Disc brakes do have a tendency to slightly drag but the wheels should turn freely when you spin them by hand. One thing you can try is loosen the nuts holding the master cylinder on the booster and see if you can feel the rod pushing it away...if it does then the rod is too long or the pedal isn't returning all the way.
It shouldn't cause all 4 wheels to drag because as you push the brake pedal the fronts activate first and then the rears.. or vice versa but either way only one or the other will be in play.
As far as the whining noise in the power steering, as soon as the bubbles disappear the noise should go away. Check the ps fluid with the engine running and add as necessary.
@@BruceCoggins ok thank you I’ll let you know how it goes tomorrow!!!🔥🔥🔥
@@BruceCogginsnew subscriber 🔥🔥🔥
Did you figure out what your problem was then?
@@HallnoutMhall master cylinder.
What is The 350psi cylinder called? On my 2006 it has “BAS” something g on it. Thanks
It's an accumulator. Once you separate the two halves it is easy to compress the accumulator with a large C-clamp so you can remove the c-clip holding it in. There is an O-ring on the outside so just replace that. Do not try to compress the piston to get it apart. If the piston is collapsed then you should be able to order a replacement from eBay.
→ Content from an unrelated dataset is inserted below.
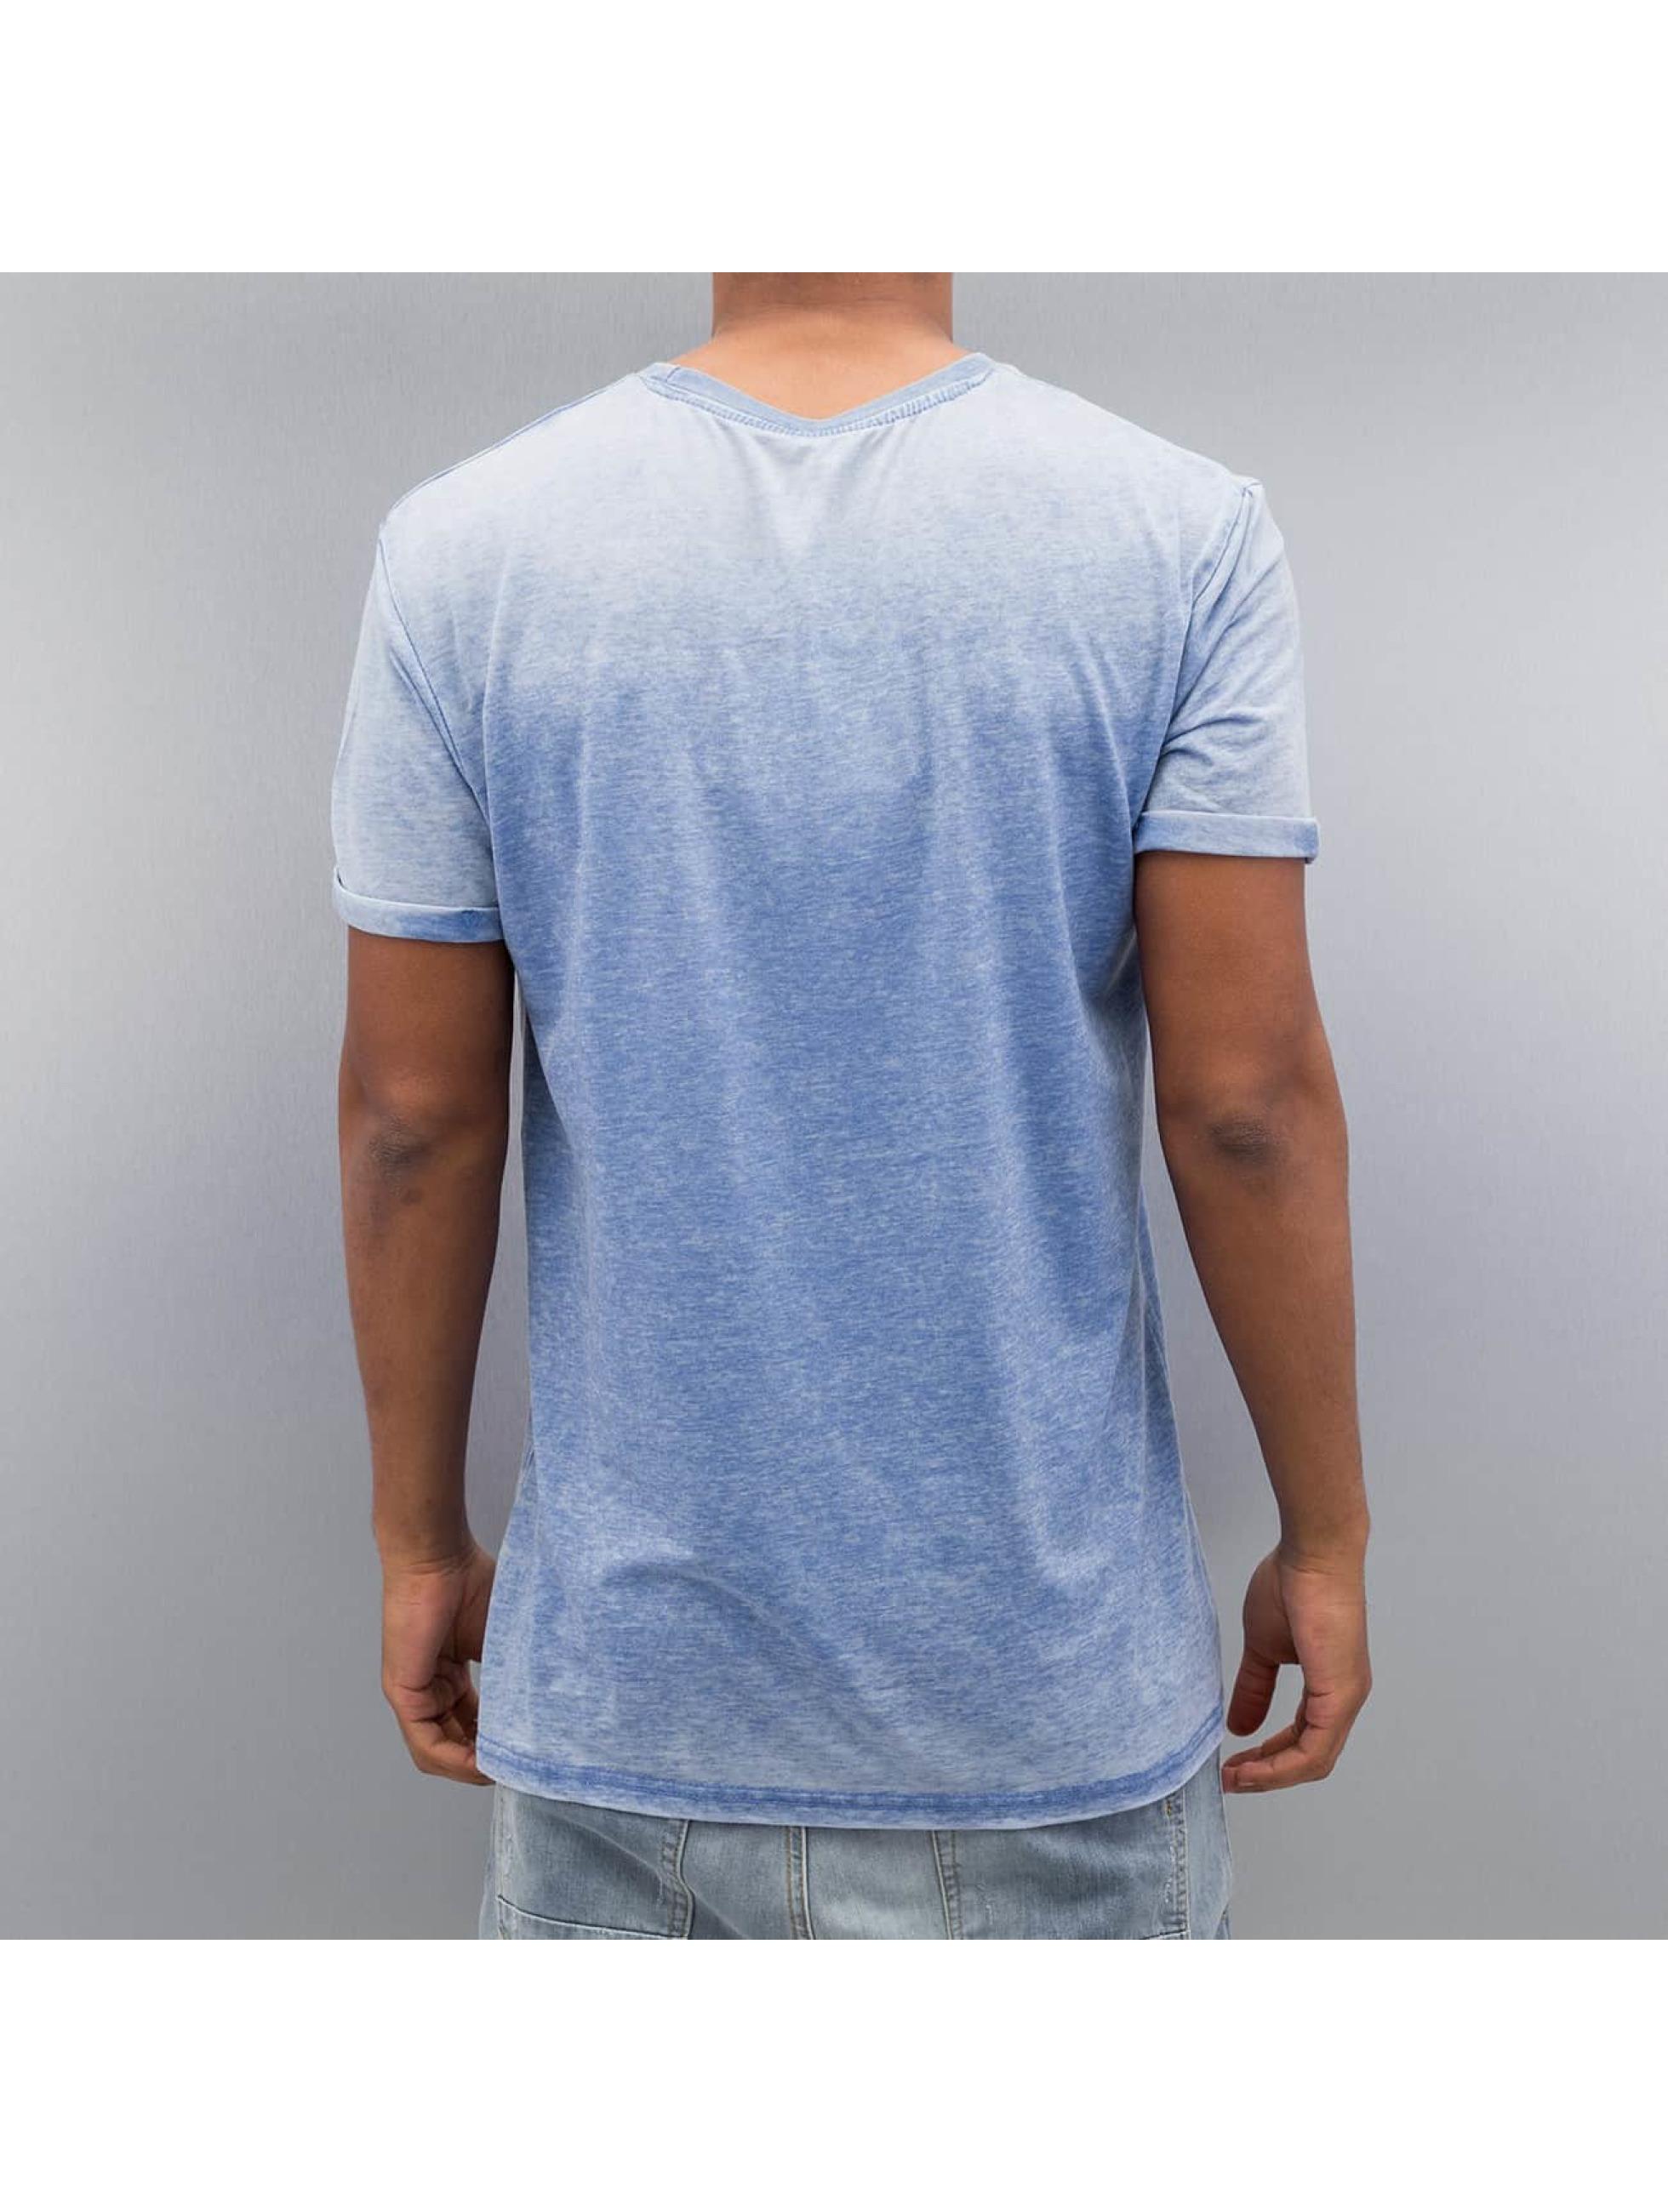 Monkey Business T-Shirt Limited Edition bleu

@@BruceCoggins thank you so much for the reply. Bought the truck with only the REAR lines replaced, then had mechanic replace the fronts….then, he only tries to bleed the fronts….
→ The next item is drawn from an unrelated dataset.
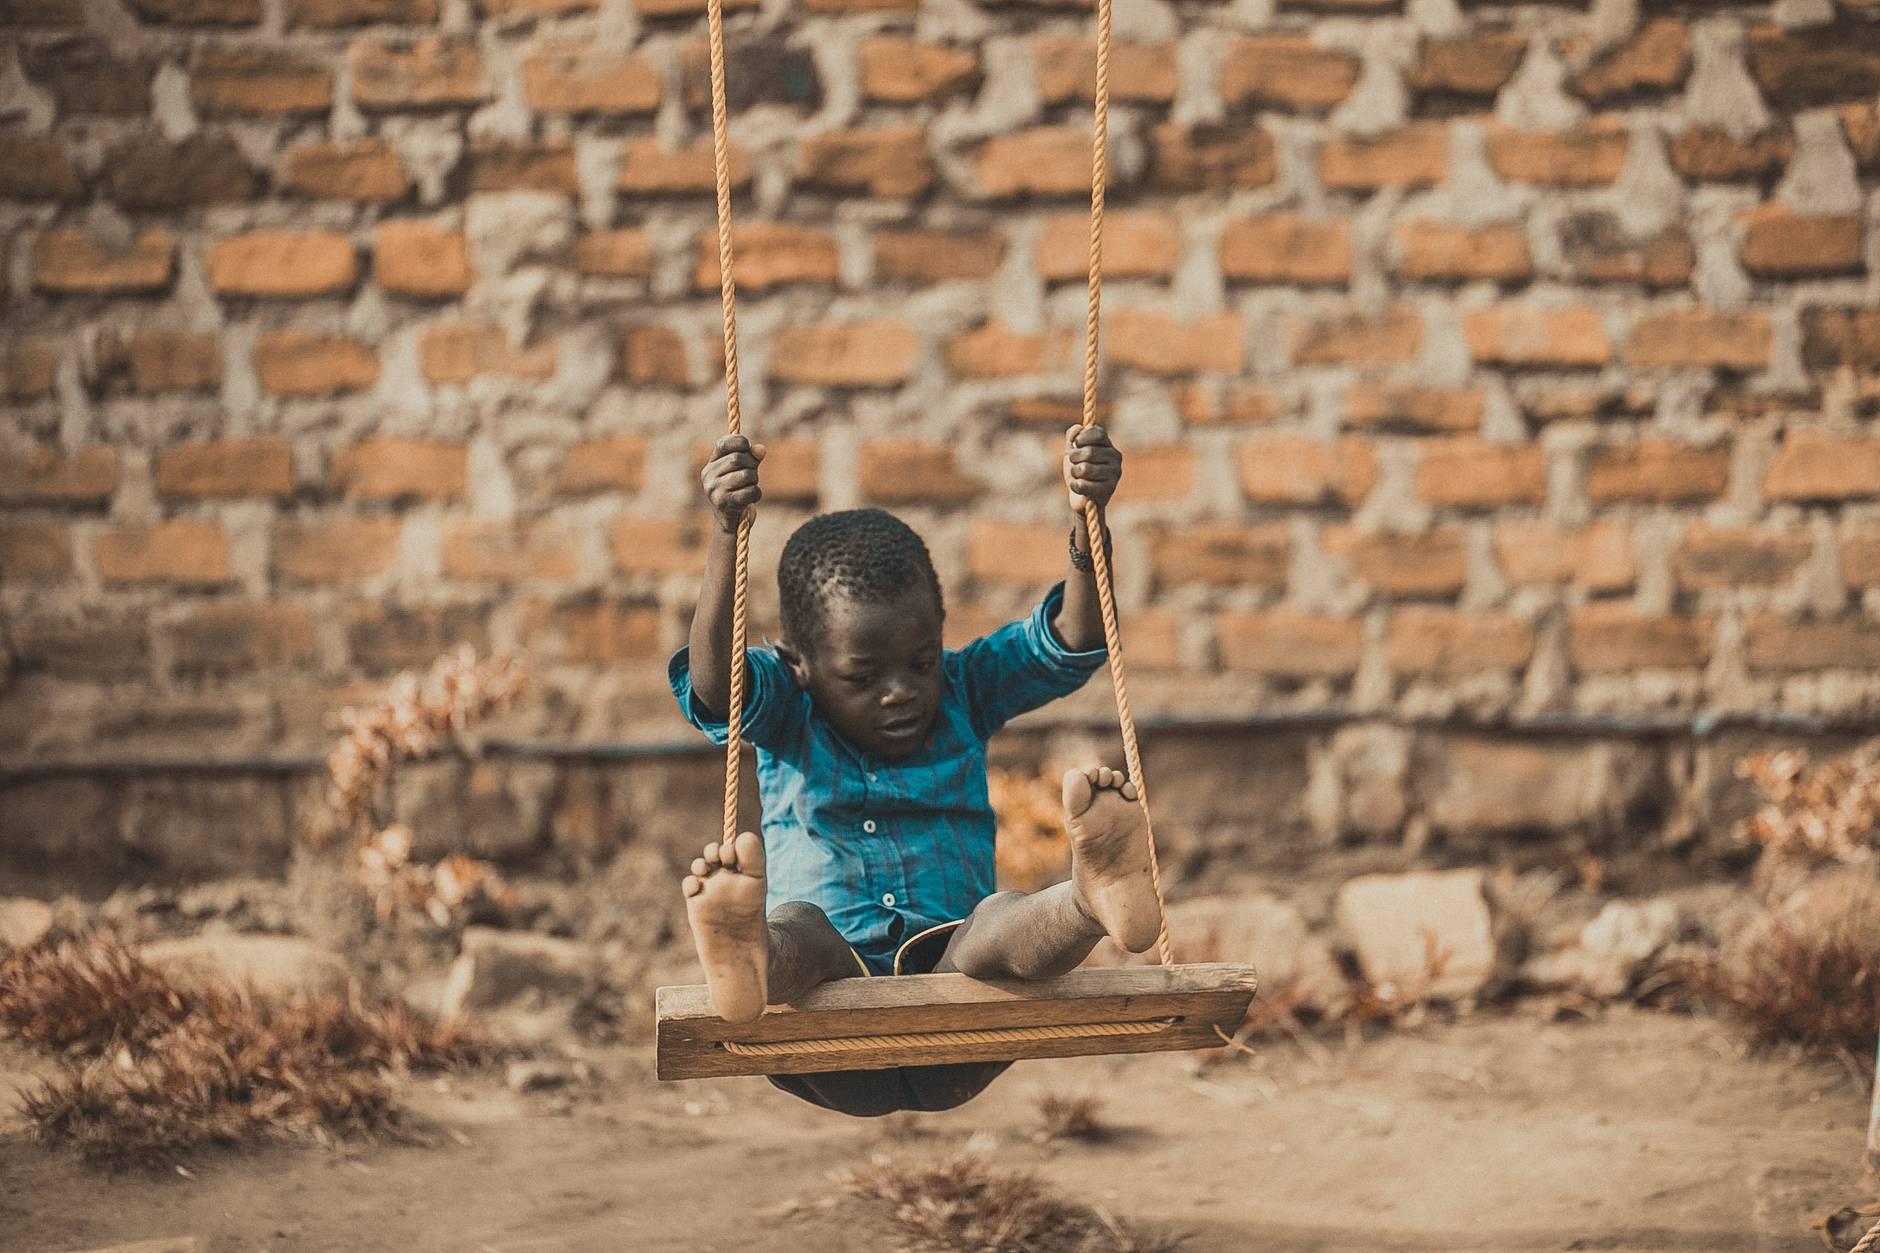 boy wearing blue shirt sitting on swing

So I paid him and he split. Now, the cylinder is making a slight goose sound when I depress the brake…engine is mint, interior is mint, now I’m understanding why guy only wanted $2k
Got a weird situation with my '96 2500, the tag in the glove box shows a JD7 but the parts stores all said that it's supposed to be a JB8 hydro boost. Rather than figuring out which, does the kit fit both? And how do I know which kit? The parts stores don't have them...?
I've repaired lots of hydro boost units and every one I've seen takes that figure 8 gasket and one of the seals....the kits I order come with the figure 8 gasket and 2 seals...one larger and one smaller. I don't see why one of these won't work in your situation. I'd pull it apart and see what seal it has and then order a kit from Amazon
I would know what part was booster leaking? My problem is between booster and master cylinder
Once you pull it apart you will see the figure 8 gasket and then there is a seal in the bore...I show this in the video. Replace those two things and reassemble
What did do wrong, my breaks are locking up
There are a few possibilities...the rod behind the master could be installed wrong and it is activating the master at rest.To check this, loosen the master and see if it pushes away from the mounting area. Are the front brakes locking up or the rear?
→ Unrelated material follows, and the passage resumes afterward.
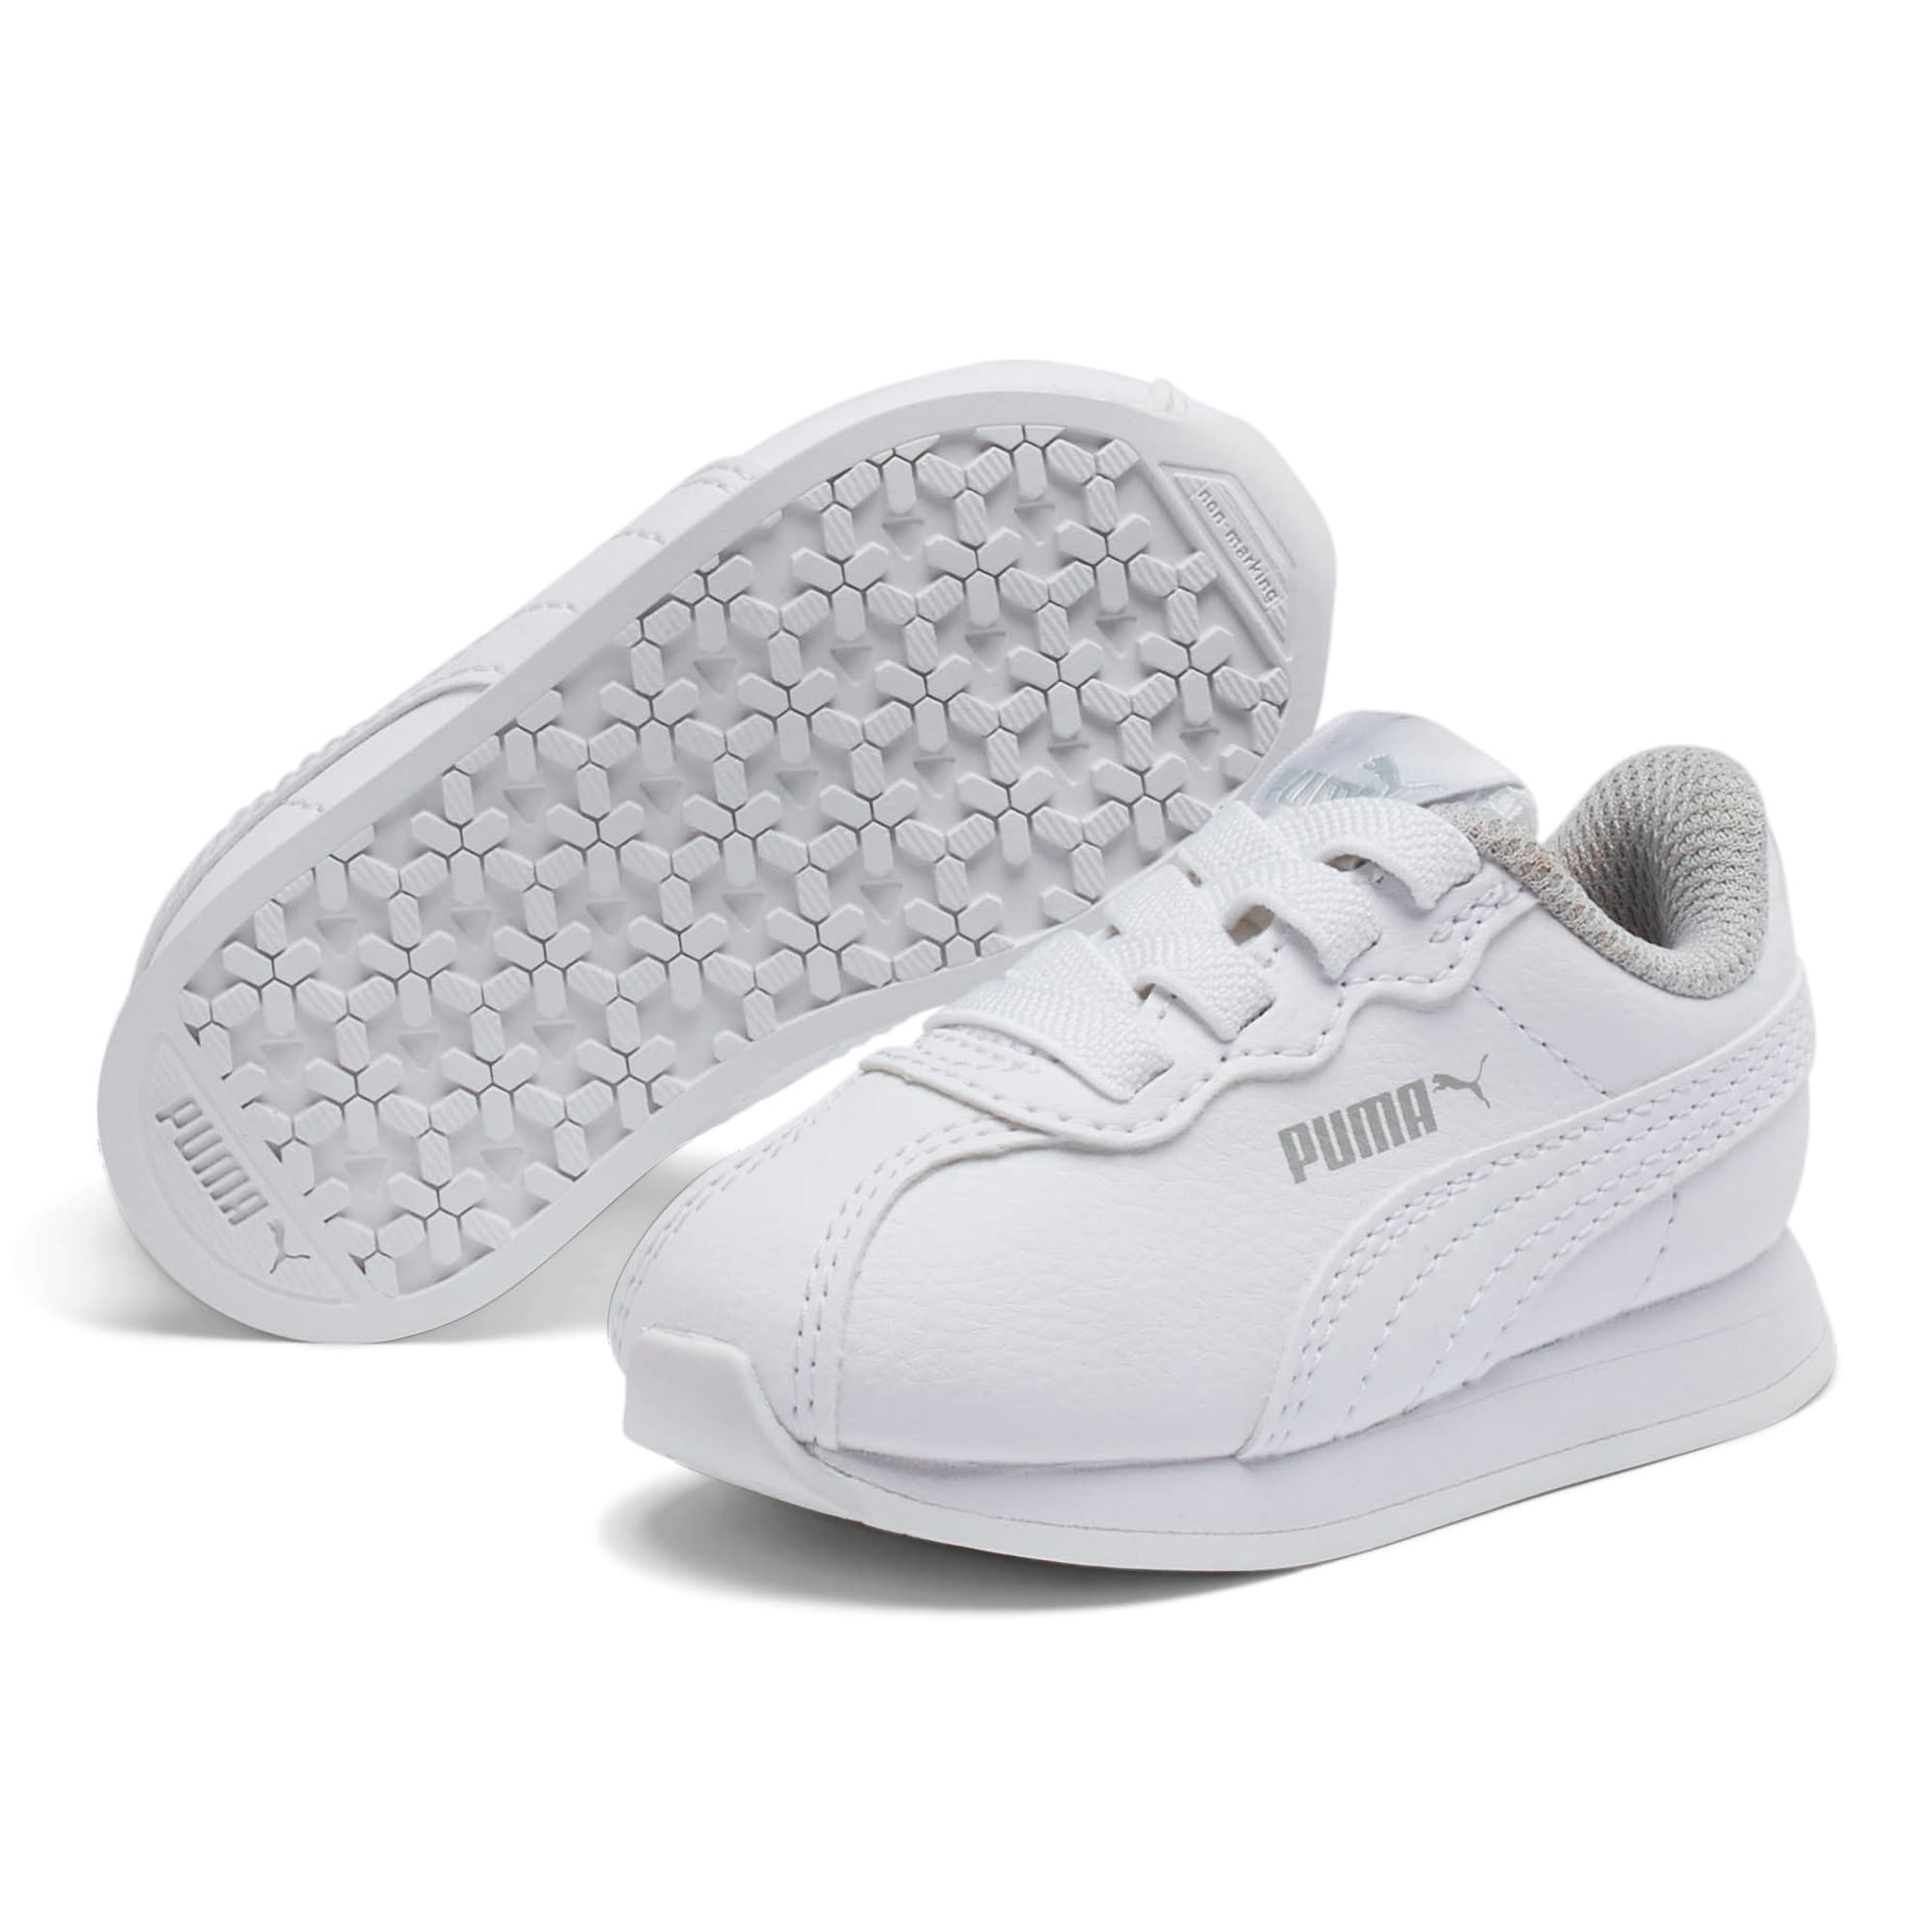 Thumbnail 2 of Turin II AC Toddler Shoes, Puma White-Puma White, medium

@@BruceCoggins front Brakes.. thank you kindly for your response.. I will work on it again over the weekend.. the pedal goes down a notch when start the truck up and based on your response I totally agree
@@BruceCoggins the rod you are talking about is it the one with the spring or the one you have to line up from the inside
Do you have a part number
Here is a link to one on Amazon...www.amazon.com/dp/B07KFQ4YJJ/?coliid=I1S6DNBJALUZ96&colid=1087UX0Y8RZ9M&psc=1&ref_=list_c_wl_lv_ov_lig_dp_it
Good video but with today's trucks engine bay being stuffed with horse hockey, I'm taking the assembly off except for the master cylinder.